The new Linked Data resource 
<https://data.europa.eu/euodp/en/data/dataset/jrc-names>, accessible 
through the European Union’s Open Data Portal 
<http://data.europa.eu/euodp/en/data>, offers more information compared 
to the previously released resource and tool, including:

  * titles and function names that have been historically found next to
    the person mentions;
  * information about the time period during which name variants and
    their titles were found;
  * various frequency counts;
  * links to other linked datasets such as DBpedia, New York Times Open
    Data and Talk of Europe.

The JRC-Names RDF representation is based on /lemon /(Lexicon Model for 
a model developed by the W3C Ontology-Lexica Community group which 
allows the expression of lexical information relative to ontologies. A 
detailed description of JRC-Names Linked Data representation is given in 
the reference paper mentioned below.

Examples of usage of the resource include, among others:

  * entity linking, e.g. to deal with entity surface form variations;
  * cross-lingual linked data-set query and mapping;
  * search query expansion;
  * machine translation;
  * learning of transliteration rules;
  * named entity recognition and disambiguation;
  * cross-lingual document clustering.

This new Linked Data edition is available through a SPARQL 
endpoint and via a RDF dump 
It is registered on the datahub.io portal as JRC-Names 
<https://datahub.io/dataset/jrc-names-ec>. Additional information is 
available on this page 
<http://data.europa.eu/euodp/en/data/dataset/jrc-names>of EU Open Data 
Portal <http://data.europa.eu/euodp/en/data/dataset/jrc-names>.
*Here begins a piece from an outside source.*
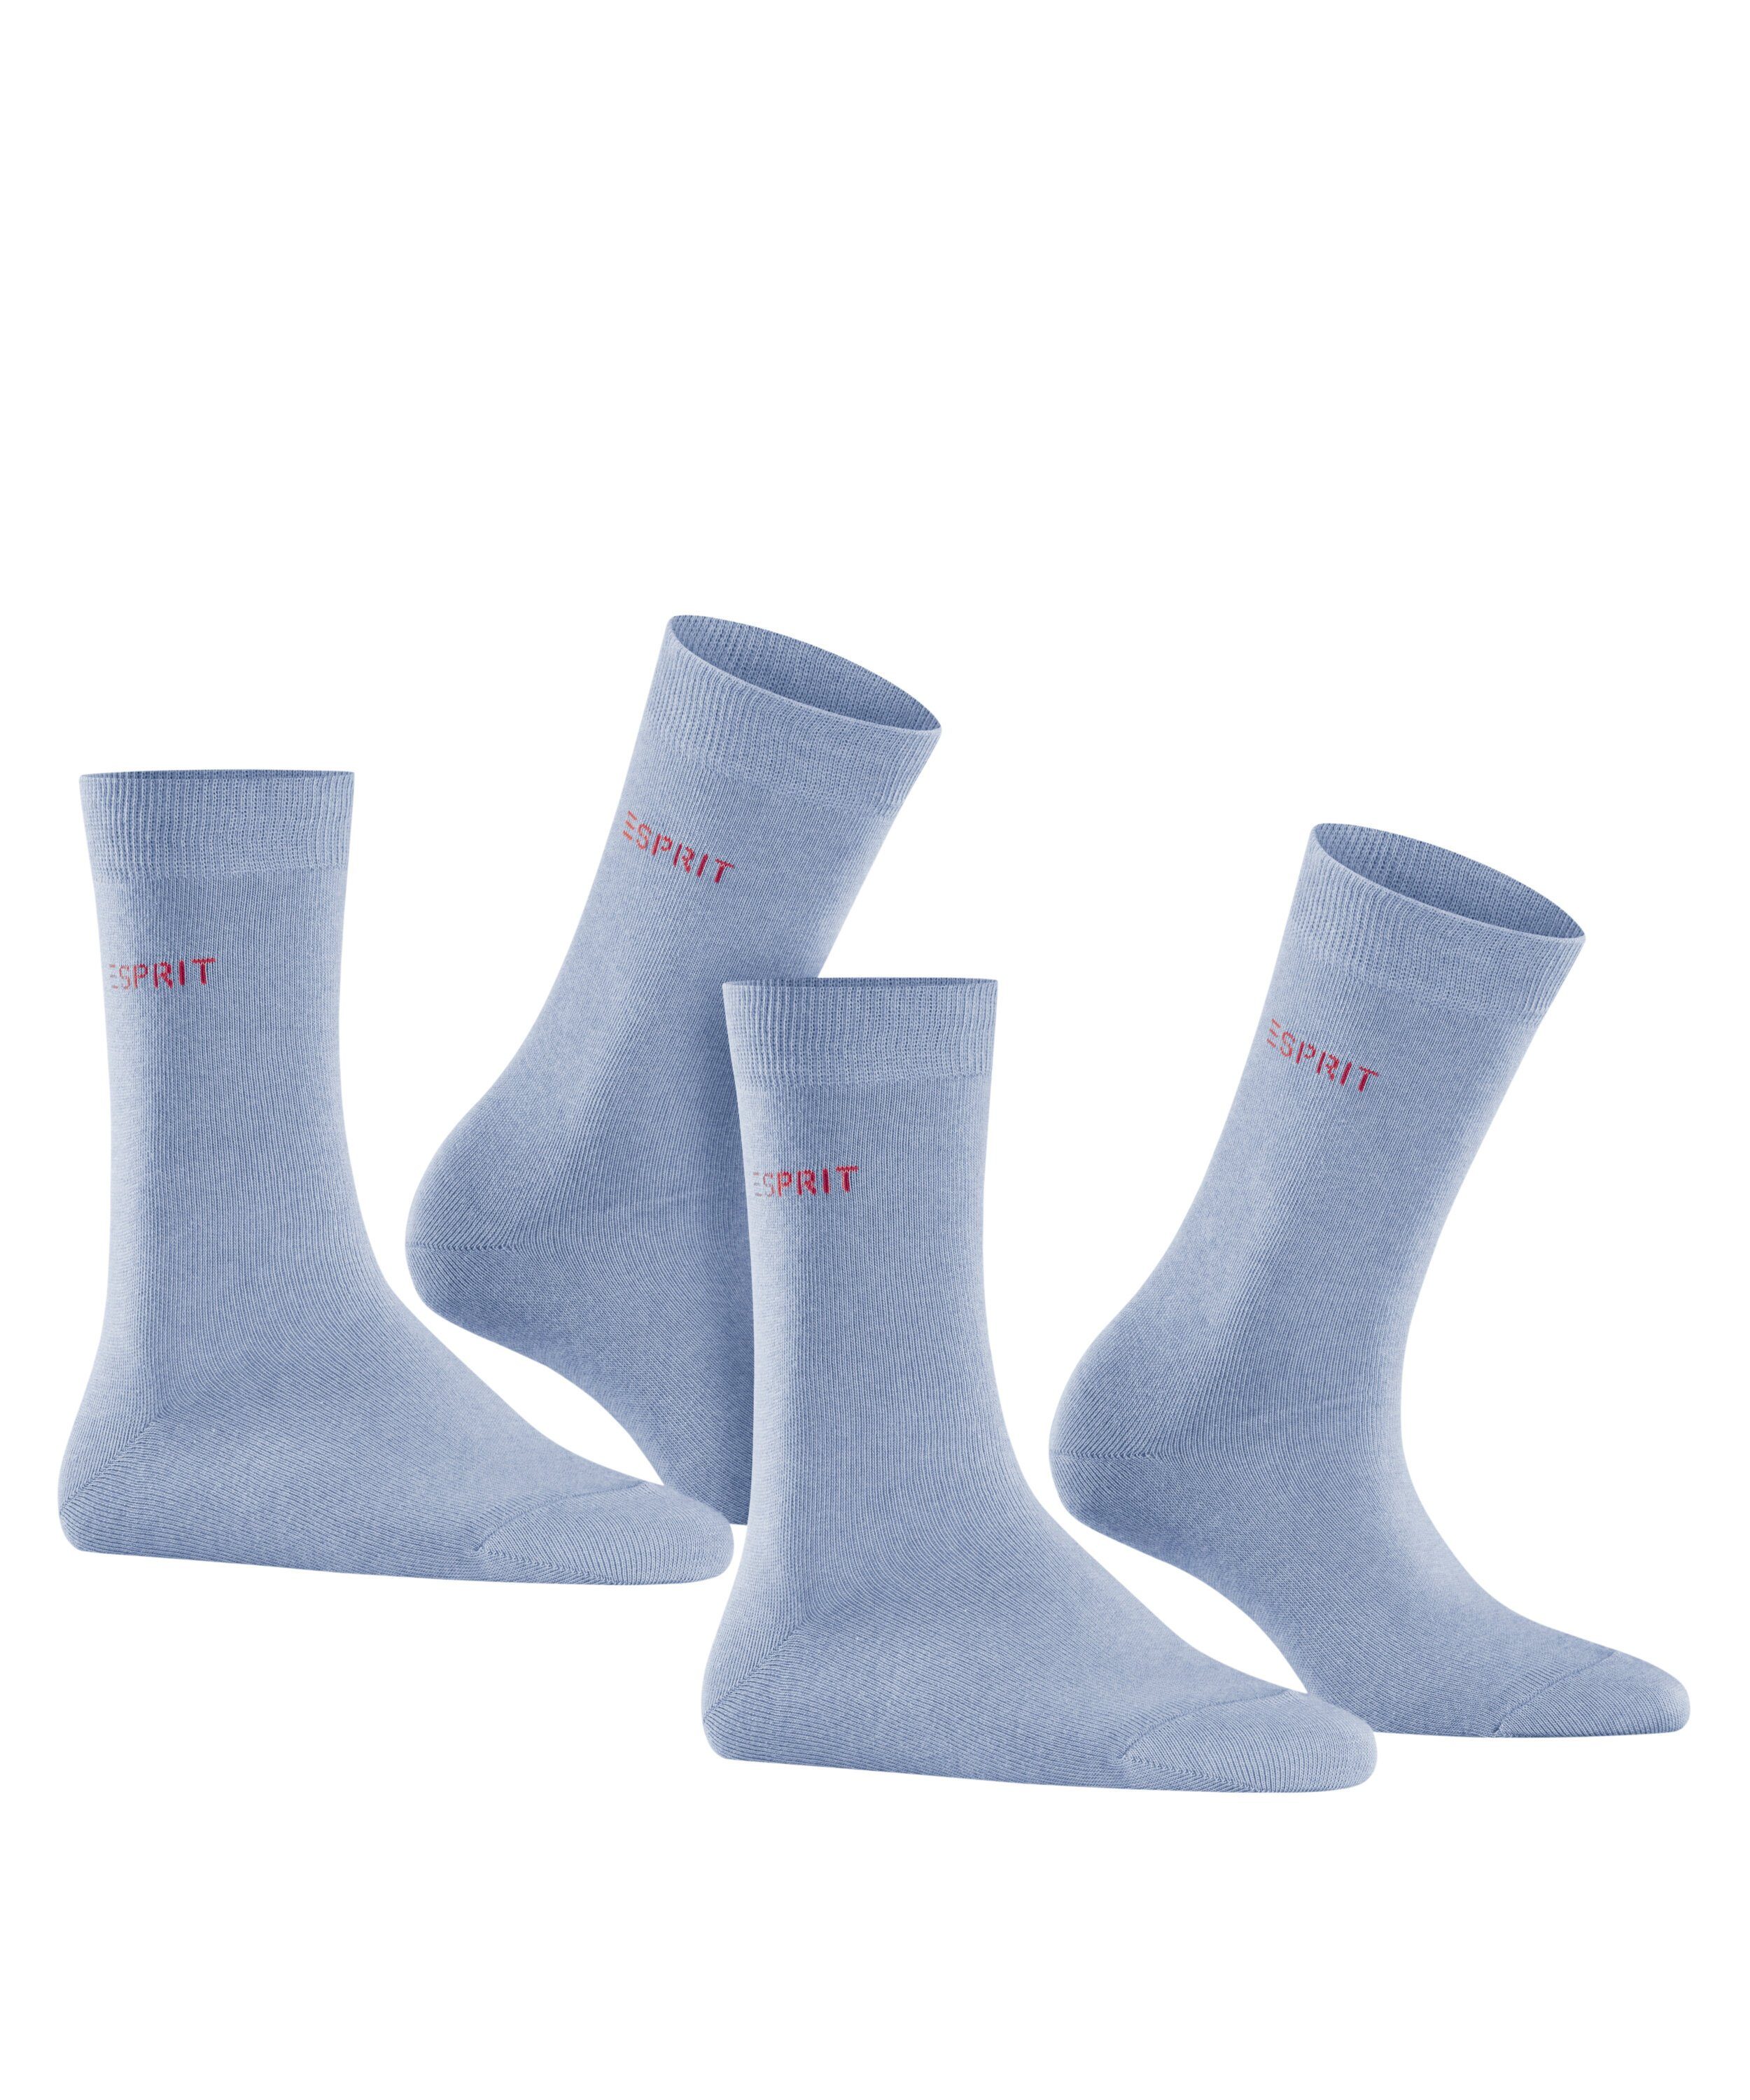 Esprit (6458) Uni jeans Socken 2-Pack (2-Paar)

Examples of queries against the data-set include:

  * Given a person's name, retrieve all of its name variants;
  * Given a person's name, retrieve all of its name variants in a
    certain language;
  * Given a person's name, retrieve all of its titles/function names in
    a certain language;
  * Given a variant and a language, retrieve the corresponding entity;
  * Given a title and a language, retrieve all of the persons with this
    same title.

Reference paper:

Maud Ehrmann, Guillaume Jacquet and Ralf Steinberger (to appear). 
JRC-Names: Multilingual Entity Name variants and titles as Linked Data 
<http://www.semantic-web-journal.net/system/files/swj1307.pdf>, Semantic 
Web Journal (available online since 04/20/2016)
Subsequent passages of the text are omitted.